# Hello & Introducing myself



## ashrafsabry (Jun 30, 2010)

hello 
my name is ashraf sabry


----------



## MaidenScotland (Jun 6, 2009)

ashrafsabry said:


> hello
> my name is ashraf sabry




Hello Ashraf and welcome to the forum

Maiden


----------



## Horus (Sep 17, 2010)

Hi and welcome aboard


----------



## seawind77 (Oct 2, 2010)

Hello also,

But i want to ask one thing. I am following this forum from Google reader and want to learn why this message modified or edited or by who ? in the original message he is also writing his profession but when i entered the forum i saw this part was omitted. anyone idea ? (Just curious)


----------



## MaidenScotland (Jun 6, 2009)

seawind77 said:


> Hello also,
> 
> But i want to ask one thing.
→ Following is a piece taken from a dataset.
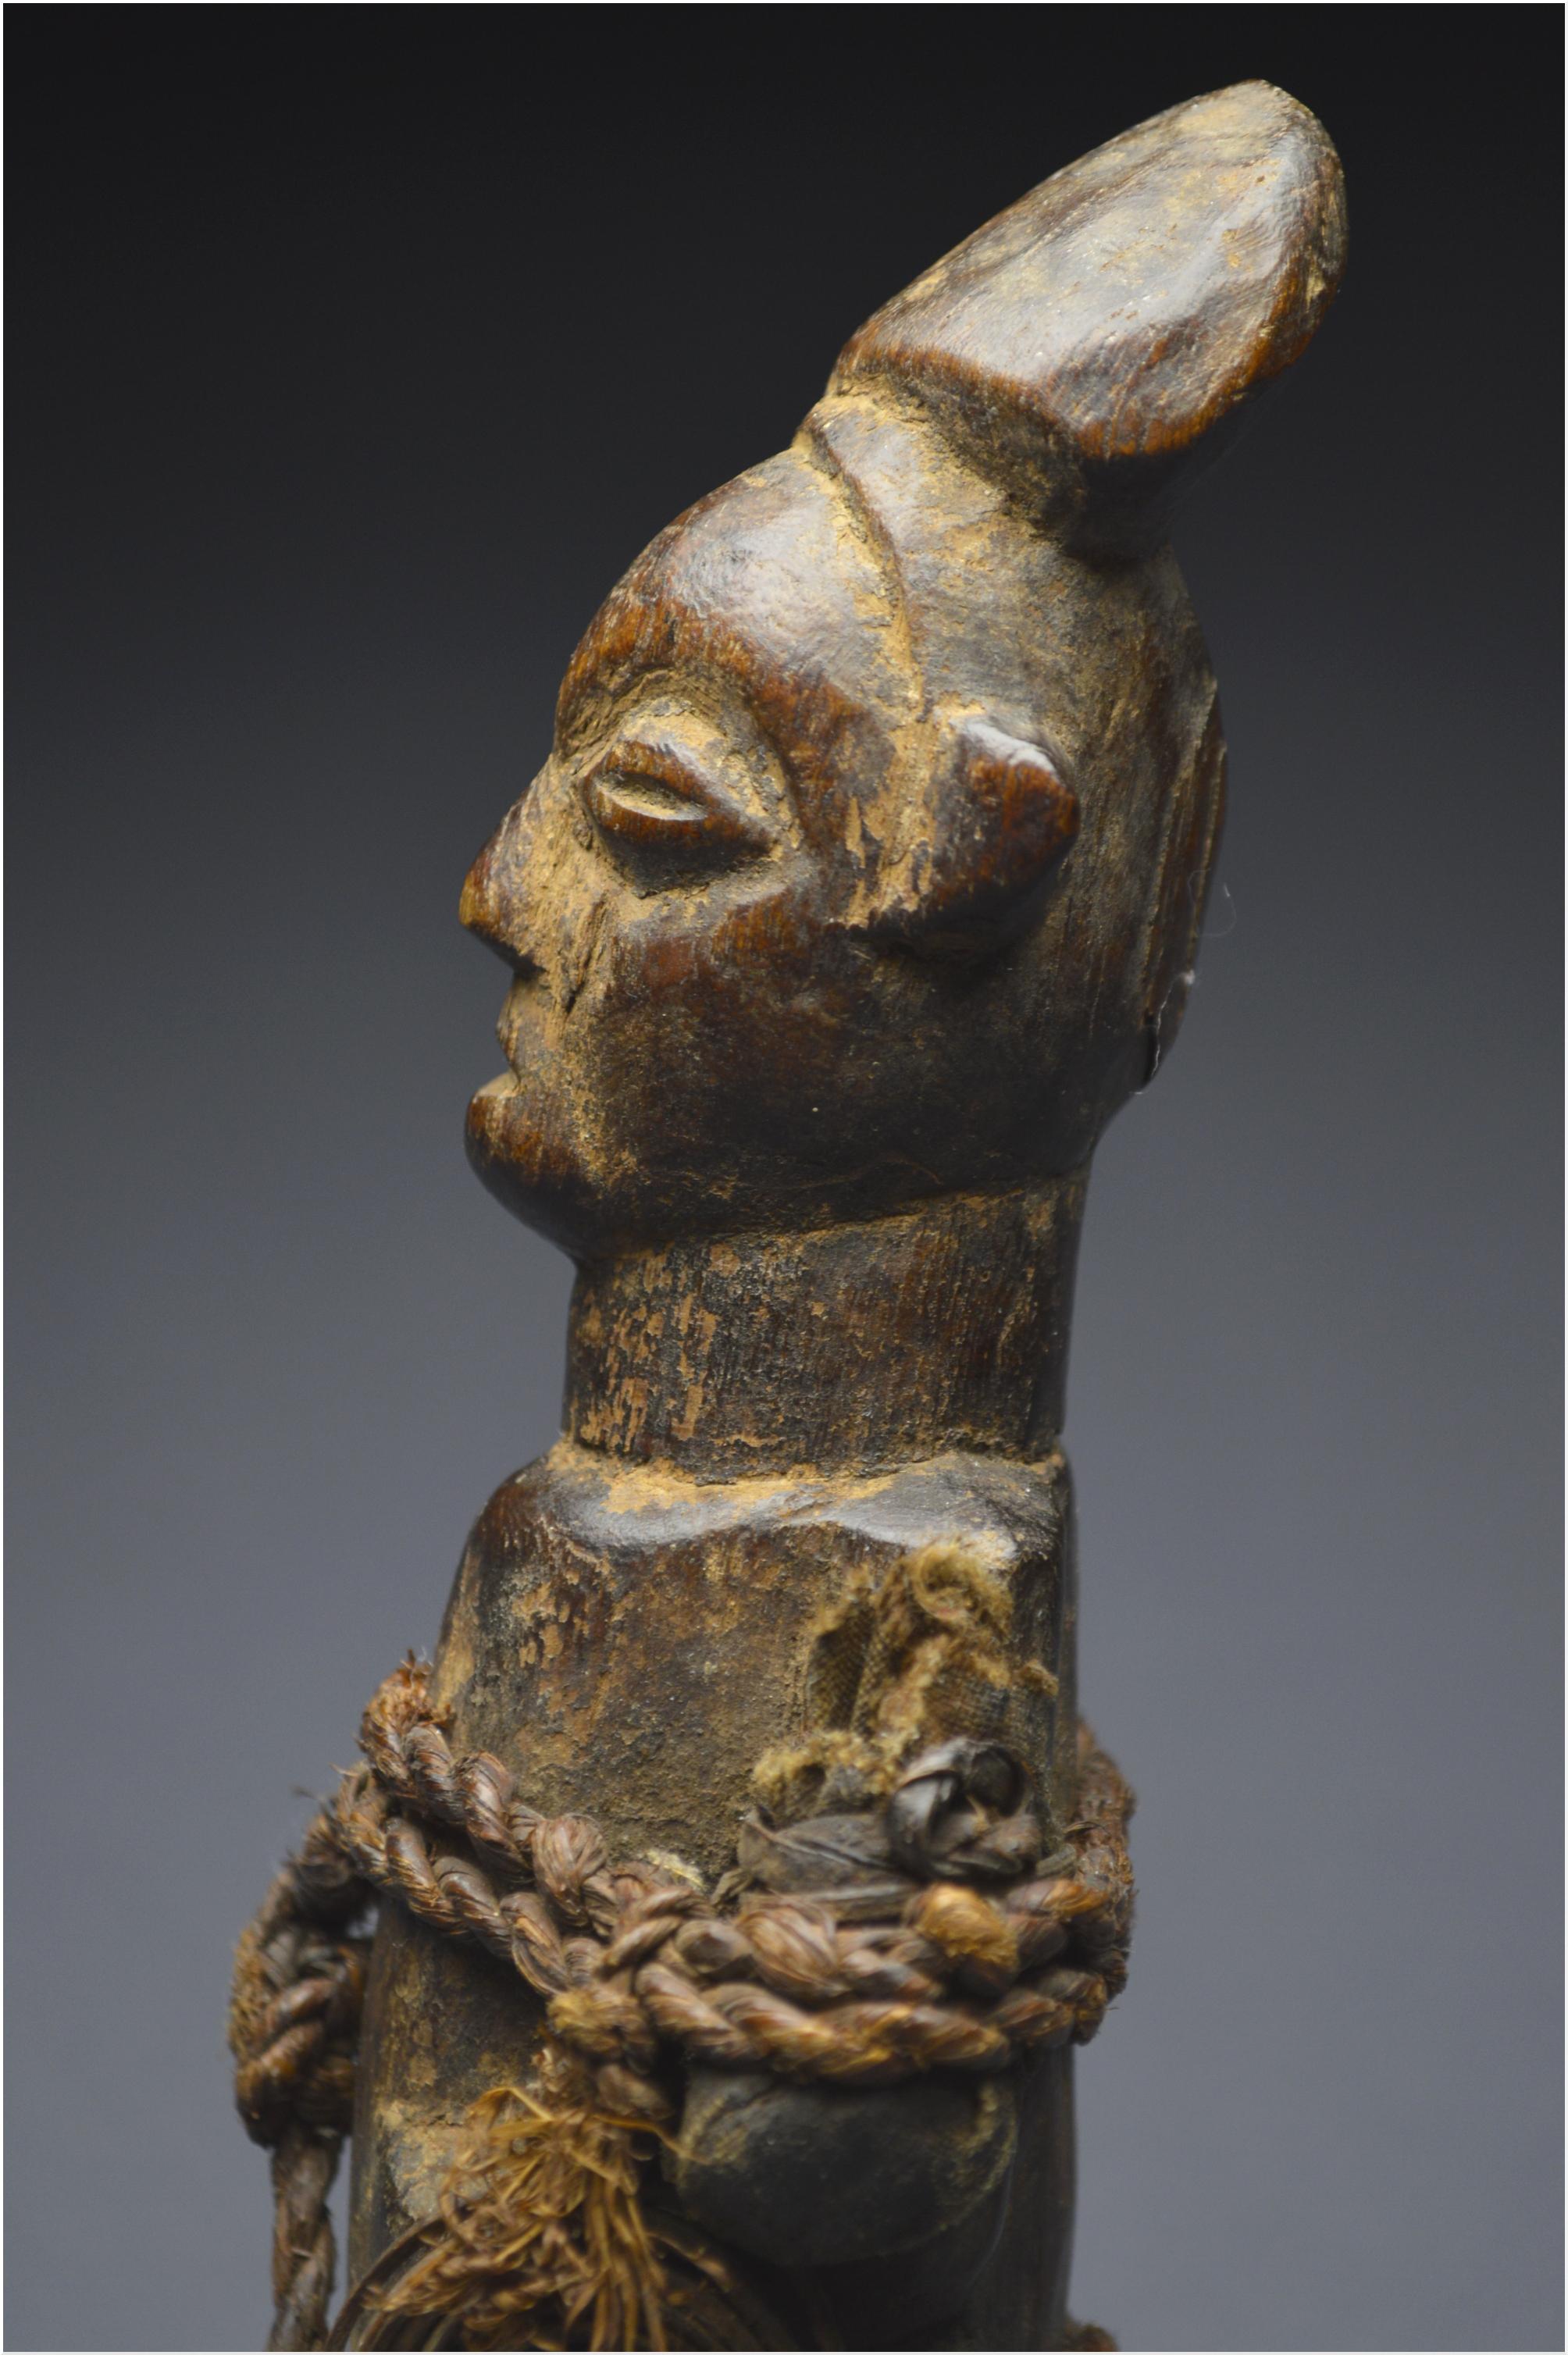 Mid-20th Century, Dem. Rep. Congo, Teke Culture, Ancient Ancestor Fetish 6

I am following this forum from Google reader and want to learn why this message modified or edited or by who ? in the original message he is also writing his profession but when i entered the forum i saw this part was omitted. anyone idea ? (Just curious)




I deleted the original message...as you are not allowed to promote yourself.. giving his occupation was really and advert.


Maiden


----------



## MaidenScotland (Jun 6, 2009)

Horus said:


> Hi and welcome aboard




Just as well you edited your original post, however I saw it as did the original poster.

Think before you post!!!!


----------



## Horus (Sep 17, 2010)

MaidenScotland said:


> Just as well you edited your original post, however I saw it as did the original poster.
> 
> Think before you post!!!!


Maiden your powers of observation never cease to amaze me

I bet your finger was hovering above the infraction button for the full 9 mins and 57 seconds until I pressed edit 

However I bet during that time you did chuckle at that little gem and thought here we go again


----------